To do this, we will use the `admiral::derive_vars_crit_flag()` function. Since we want to derive these flags specifically for the UPSIT percentile parameter, we will apply the derivation only to those records using `admiral::restrict_derivation()`.

```{r, message=FALSE, warning=FALSE}
adnv <- adnv %>%
  restrict_derivation(
    derivation = derive_vars_crit_flag,
    args = params(
      crit_nr = 1,
      condition = if_else(PARAMCD == "UPSITPC", AVAL <= 10, NA),
      description = "UPSITPC <= 10",
      values_yn = TRUE # To get "Y", "N", and NA for the flag
    ),
    filter = PARAMCD == "UPSITPC"
  )
```

This is how the criterion flags will look like:

```{r, eval=TRUE, echo=FALSE}
adnv_flags <- distinct(adnv, USUBJID, PARAMCD, PARAM, AVAL, ADT, ADY, VISIT, CRIT1, CRIT1FL)
dataset_vignette(adnv_flags %>% arrange(USUBJID, ADT), display_vars = exprs(USUBJID, PARAMCD, PARAM, AVAL, ADT, ADY, VISIT, CRIT1, CRIT1FL))
```

## Remaining Analysis Dataset Set-up {#dataset_end}

The `{admiral}` [Creating a BDS Finding ADaM vignette](https://pharmaverse.github.io/admiral/articles/bds_finding.html) covers all the steps that are not shown here, such as merging the timing variables, analysis flags, baseline derivations, change from baseline calculations, etc.

# Example Scripts

| ADaM | Sourcing Command                                             |
|------|--------------------------------------------------------------|
| ADNV | `admiral::use_ad_template("ADNV", package = "admiralneuro")` |

## References

University of Pennsylvania Smell Identification Test. (n.d.).

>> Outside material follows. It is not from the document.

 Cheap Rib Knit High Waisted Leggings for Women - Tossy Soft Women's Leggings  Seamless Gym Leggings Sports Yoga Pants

In *Wikipedia*. Retrieved from https://en.wikipedia.org/wiki/University_of_Pennsylvania_Smell_Identification_Test

Brumm, M. C. *et al.* (2023). Updated Percentiles for the University of Pennsylvania Smell Identification Test in Adults 50 Years of Age and Older. *Neurology, 100*(16), e1691–e1701.

Mastenbroek, S. E. *et al.* (2025). Two-step detection of Lewy body pathology via smell-function testing and CSF α-synuclein seed amplification. *Nature Communications, 16*, 7182.